Citra satelit CRISP dan ASTER DMCII dengan pengambilan hari yang berbeda untuk memperkuat fakta lapangan bahwa LUPSI MENARI SERIMPI terus bergerak dengan pola tertentu (dikendalikan patahan?).


(Atas) Gambaran operasi Kapal Keruk di P25 pasca banjir bandang yang membanjiri lumpur padu dingin, sebelumnya merupakan Basin dengan akumulasi air.


Banjir Bandang Lumpur pekat ke arah Basin P25, hanya dalam 1 malam permukaan lumpur naik 1,5 m kapal keruk karam di lautan lumpur.


Bawah, Postur dan Anatomi Gunung Lumpur dan Danau LUSI
Atas Semburan Ganda Lupsi dilihat dari utara (TAS) dicirikan puing-puing sisa bangunan warga yang telah dibanjiri lumpur. Akumulasi air meningkat karena lokasinya relatif jauh dari kawah.

Postur Umum Mud Volcano LUSI pada HUT ke 4 tahun (2006-2010), perhatikan aliran lumpur panas dari kawan dan kaldera ke lereng bawah sangat minim sesuai kondisi lapangan flow rate kecil, ada kick tanpa wave lumpur panas sehingga sesuai model Bleduk Kuwu


(Bawah) Semburan ganda dilihat dari baratlaut (Osaka), perhatikan sisa Osaka yang porak poranda dihantam Banjir Bandang even ke 2009, Lereng bawah telah menyentuh di bagian timurnya.


Semburan Ganda (double eruptions) melingkar Gunung Lusi 28 Mei 2010, 31 Mei semburan menjadi satu (lihat Citra CRISP 31 Mei 2010)
Lusi: Gejala alam atau kesalahan pengeboran ?

Selalu saja konflik dan issue Lusi hanya membahas masalah krusial diatas (siapa yang salah) karena berhubungan dengan ekonomi, berhubungan dengan moneter, dan menyangkut duwik dan lagi-lagi ujung-ujungnya ada pada kekuasaan. Iya looh, banyak yang lebih tertarik membahasa masalah kekuasaan dibanding masalah kesulitan dan tidak kuasanya manusia menghadapi gejala ini.

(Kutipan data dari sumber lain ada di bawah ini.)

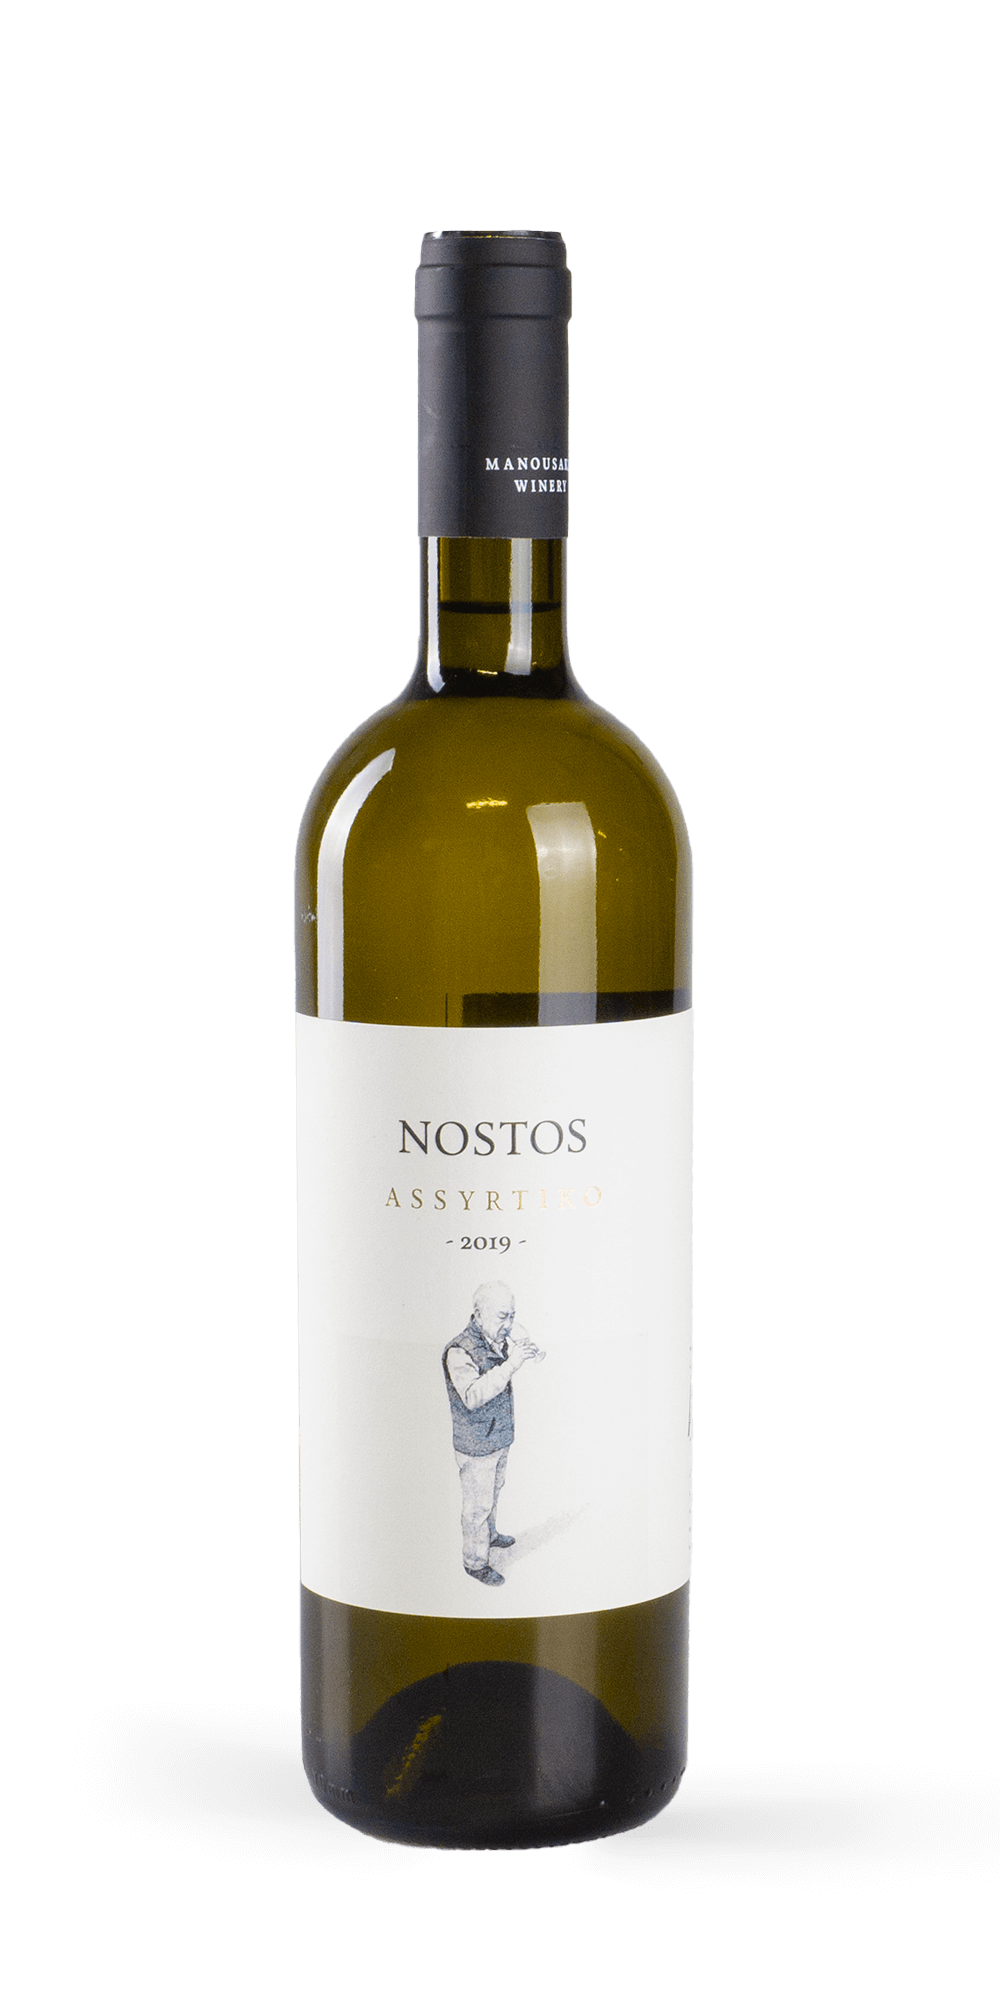 Nostos Assyrtiko 2018 - Manousakis Winery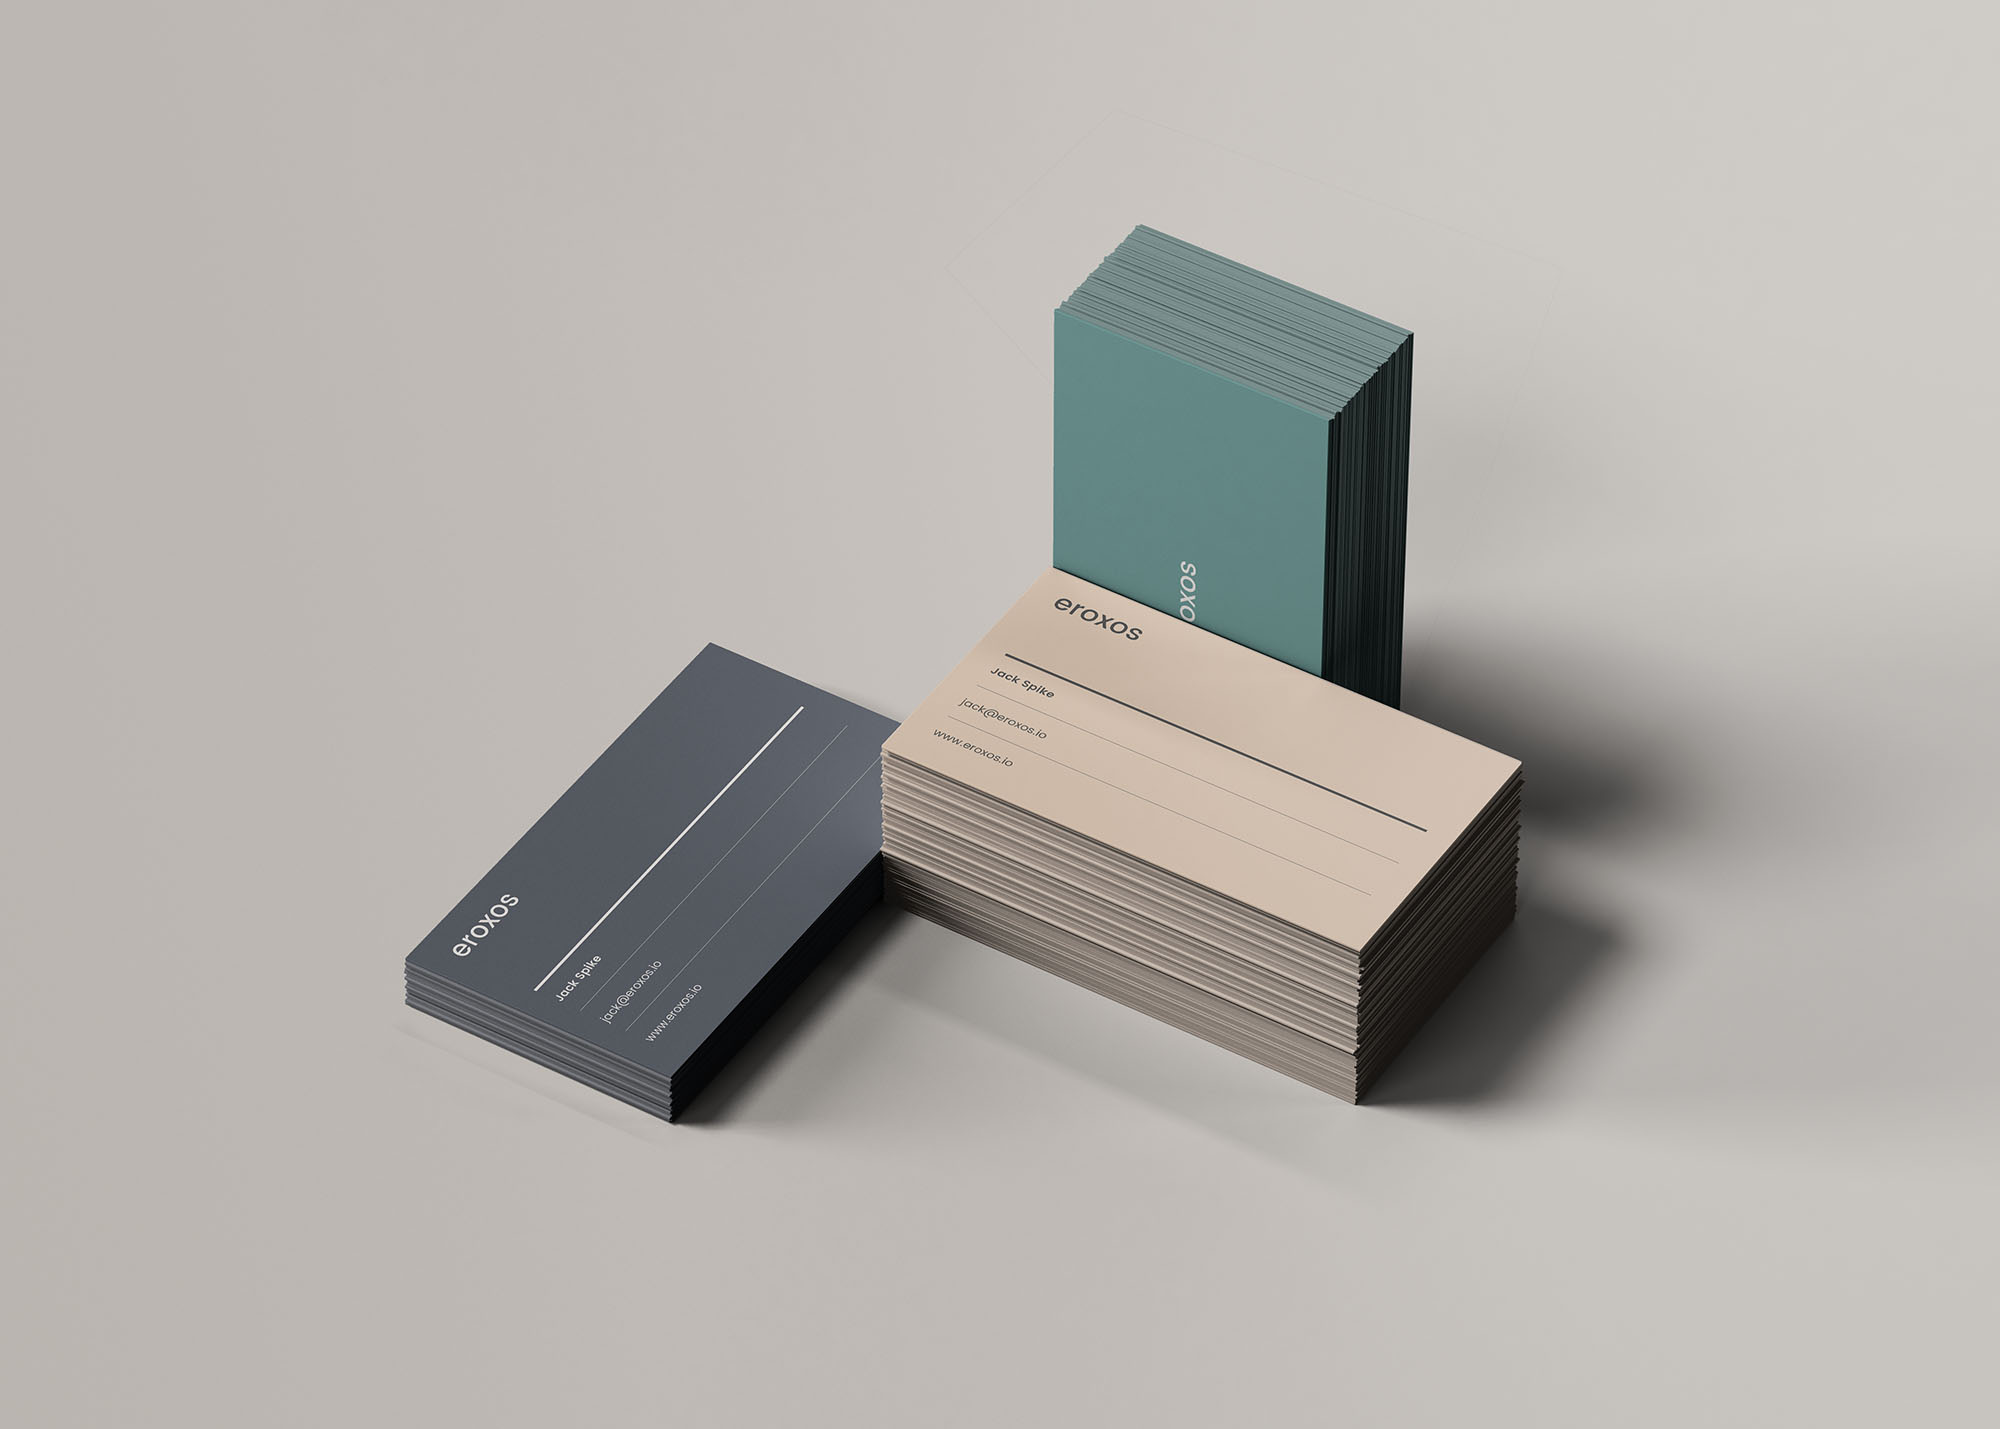 企业名片三种堆叠状态展示蚂蚁素材精选模板 3 Business Card Stacks Mockup插图

Gejala ini jelas menjadi sebuah fenomena alam yang unik yang baru sekali dilihat pertama kali di dunia. Sebuah peristiwa lahirnya gunung lumpur atau Mud Volcano. Kalau aku bilang seperti bisul yg dipecototin. Tentusaja kalau bisul itu didiamkan saja tanpa ditusuk juga akan meletus sendiri entah kapan.

Keputusan Menteri dan DPR bukan keputusan ilmiah !

Banyak yang terkaget-kaget ketika ada keputusan atu rekomendasi dari Menteri dan juga DPR tentang Lusi yang menyatakan bahwa Lusi merupakan gejala alam. Tentusaja banyak yang sontak kaget, diantaranya Walhi.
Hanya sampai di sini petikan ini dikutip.